The Thesis Eleven Centre presents Professor Craig Calhoun and Professor Peter Beilharz in conversation. Craig discusses his relationship with Thesis Eleven and the interlocutors who have been formative to his social theory (including Jürgen Habermas, Pierre Bourdieu and Charles Taylor).
Craig Calhoun is President of the Los Angeles-based Berggruen Institute, which works globally to advance cross-cultural understanding, improve governance, and deepen knowledge of great transformations shaping the human future.

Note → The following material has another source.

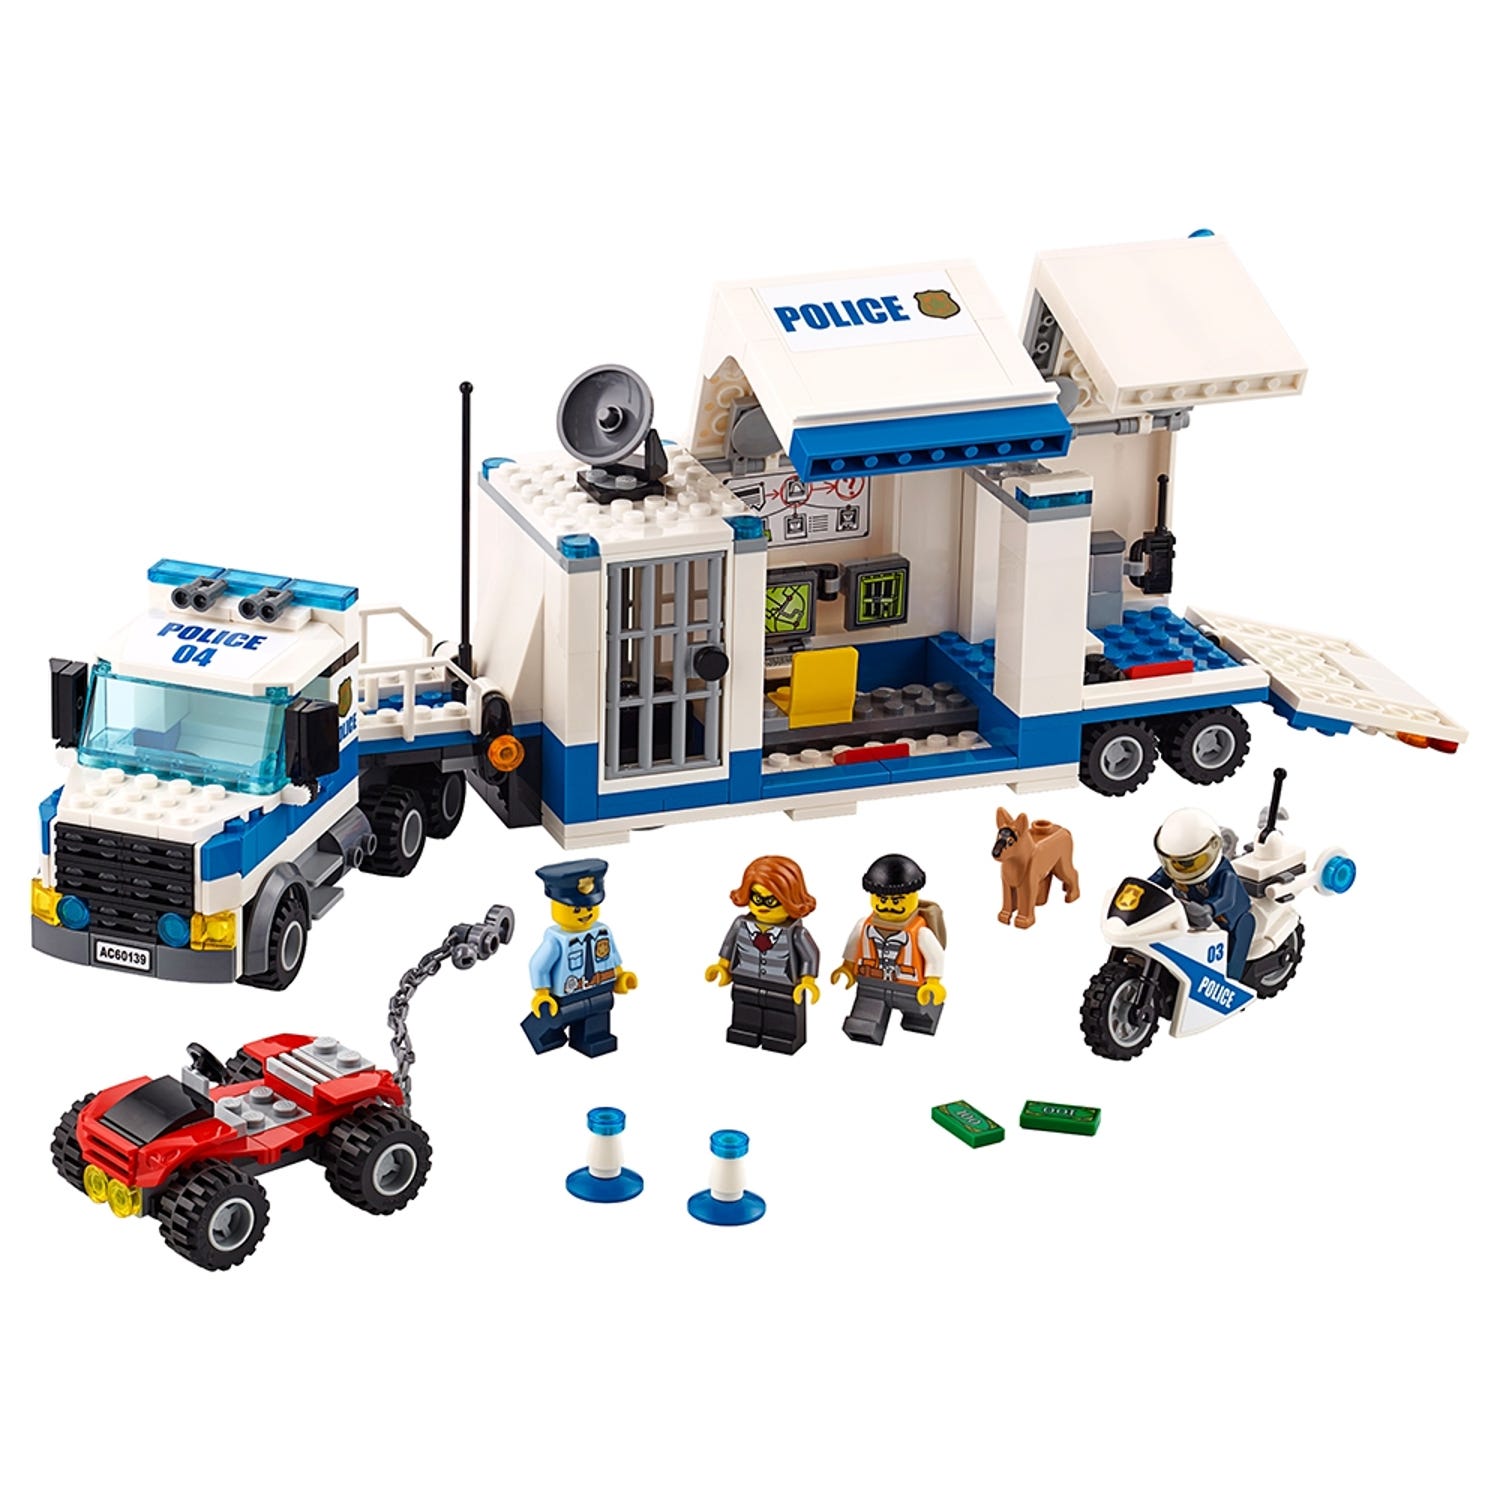 Mobile Command Center 60139 | City | Buy online at the LEGO® Shop US

Calhoun was previously Director of the London School of Economics and Political Science,where he remains Centennial Professor and before that President of the New York-based Social Science Research Council (SSRC), and University Professor of Social Sciences and Director of the Institute for Public Knowledge at NYU. His books have been translated into 18 languages and include Does Capitalism Have a Future? (2013), The Roots of Radicalism (2012), and Nations Matter (2007), which predicted rising nationalist and populist challenges to cosmopolitanism grounded in a highly unequal global economy.

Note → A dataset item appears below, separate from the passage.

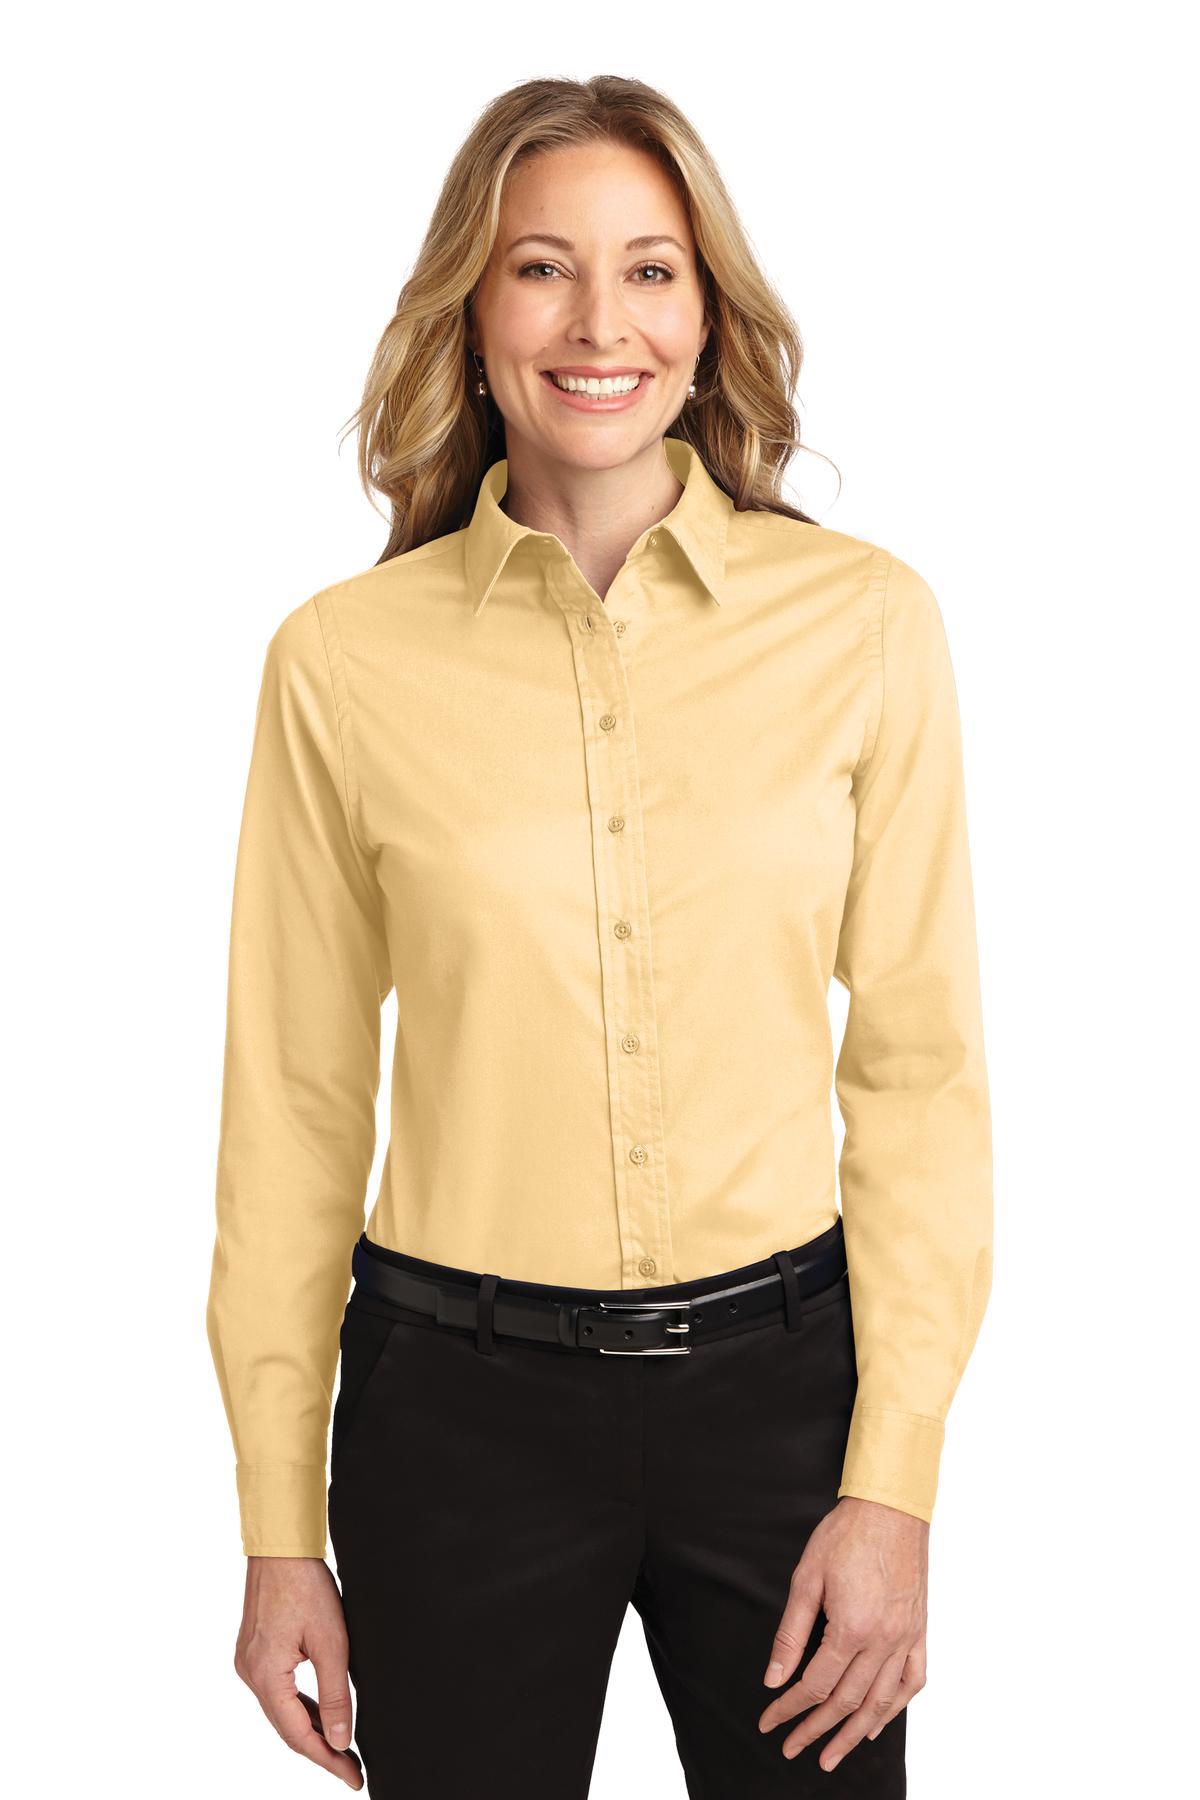 Port Authority Ladies Long Sleeve Easy Care Shirt - image 1 of 1

Peter Beilharz is Emeritus Professor of Sociology at La Trobe University, Professor of Culture and Society of Curtin University and Visiting Professor at Bauman Institute, University of Leeds. Most of his research is also in these areas including work on socialism and modernity, the idea of antipodean modernity, and ongoing work on Zygmunt Bauman. Peter is a founding editor of the journal Thesis Eleven: critical theory and historical sociology (1980 – ) and was the inaugural Director of Thesis Eleven Centre for Cultural Sociology at La Trobe (2003-2014).
Professor Calhoun’s visit to La Trobe is part of the 50th anniversary celebrations and is jointly sponsored by the Office of the Vice Chancellor, The College for the Arts, Social Sciences and Commerce, and the Thesis Eleven Centre.